Opinion
2394
December 3, 2002.
Judgment, Supreme Court, New York County (John Bradley, J.), rendered November 8, 2000, convicting defendant, after a jury trial, of robbery in the third degree and grand larceny in the fourth degree, and sentencing him, as a second felony offender, to concurrent terms of 2 to 4 years and 1½ to 3 years, respectively, unanimously affirmed.
Susan Gliner, for Respondent.
Lisa Lewis, for Defendant-appellant.
MAZZARELLI, J.P., ANDRIAS, SAXE, SULLIVAN, ROSENBERGER, JJ.
The court properly admitted a tape recording of a 911 call by the victim's sister as both a present sense impression and an excited utterance. Contrary to defendant's argument, the record establishes that the victim's sister personally observed the events she reported. Although she did not see defendant stealing the victim's wallet, which occurred inside a store, she testified that she saw part of the wallet sticking out from defendant's pants pocket and observed the victim following defendant out of the store begging for defendant to return it to her.
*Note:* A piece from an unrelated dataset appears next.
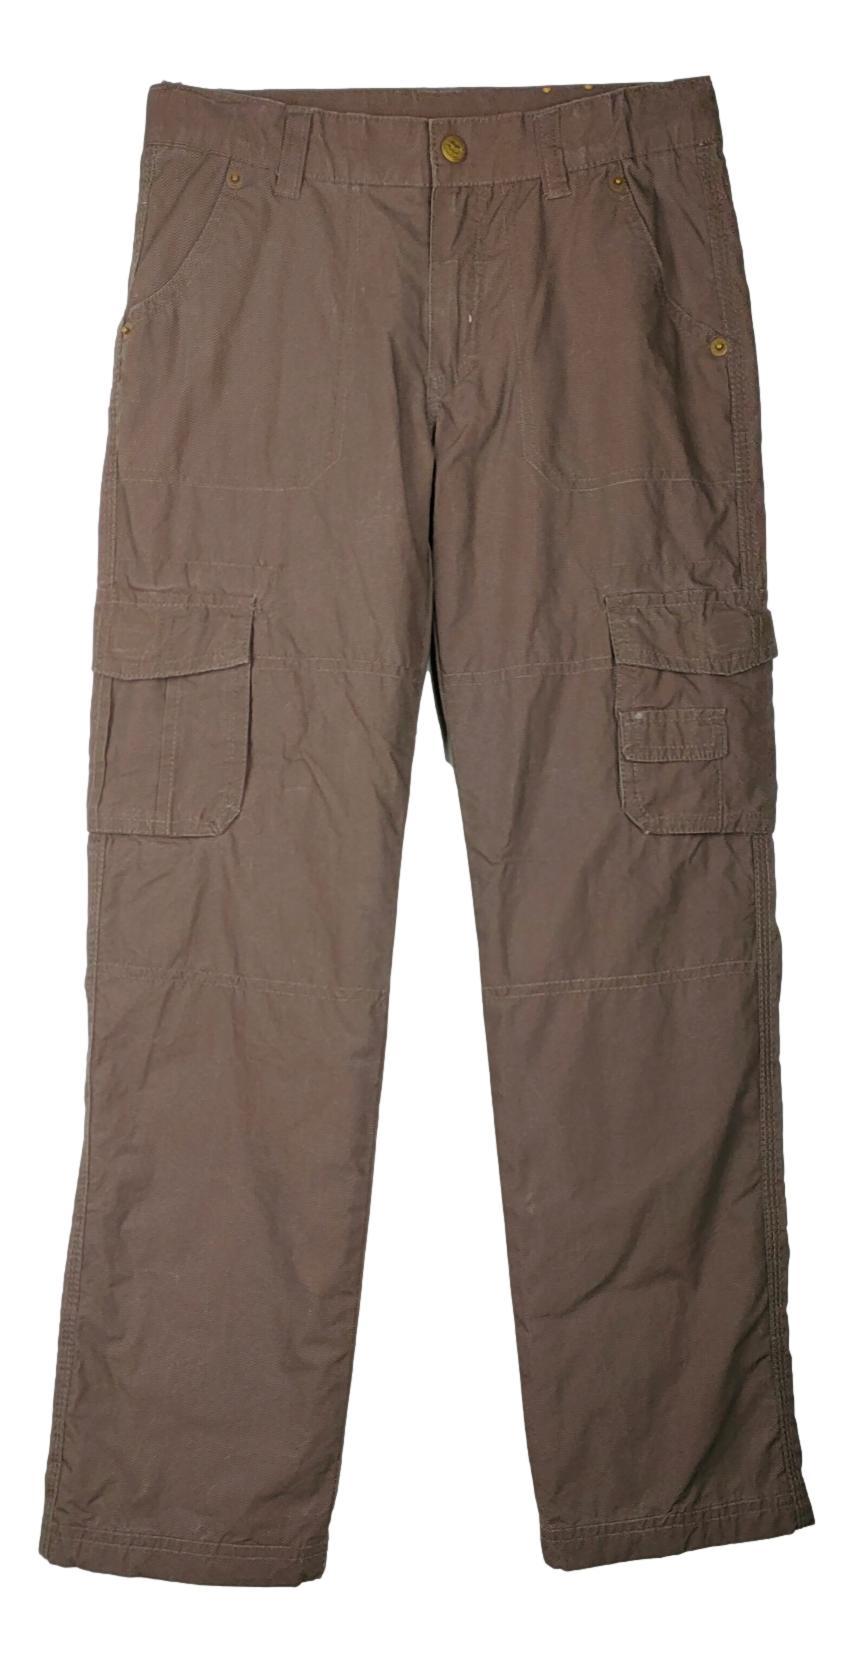 Pantalon  Sergent Major - Taille 10 ans

In addition to being based upon first-hand observation of the events, the 911 call satisfied all the remaining requirements for admission under the present sense impression and excited utterance exceptions to the hearsay rule, and there was no violation of defendant's right of confrontation (see People v. Buie, 86 N.Y.2d 501; People v. Caviness, 38 N.Y.2d 227, 230-231; see also United States v. Jones, 299 F.3d 103, 113-114).
The court properly declined to charge the lesser included offense of petit larceny since there was no reasonable view of the evidence to support that charge (People v. Scarborough, 49 N.Y.2d 364).
Given the direct contradiction between defendant's testimony and that of the People's witnesses, the prosecutor's cross-examination of defendant concerning the nature of that contradiction was permissible (People v. Overlee, 236 A.D.2d 133, 139, lv denied 91 N.Y.2d 976).
There was a sufficient foundation for the prosecutor's cross-examination of defendant and summation comments concerning the absence of a potential defense witness, and there was no shifting of the burden of proof (see People v. Tankleff, 84 N.Y.2d 992, 994-995).
Defendant's remaining contentions are unpreserved and we decline to review them in the interest of justice. Were we to review these claims, we would reject them.
THIS CONSTITUTES THE DECISION AND ORDER OF THE SUPREME COURT, APPELLATE DIVISION, FIRST DEPARTMENT.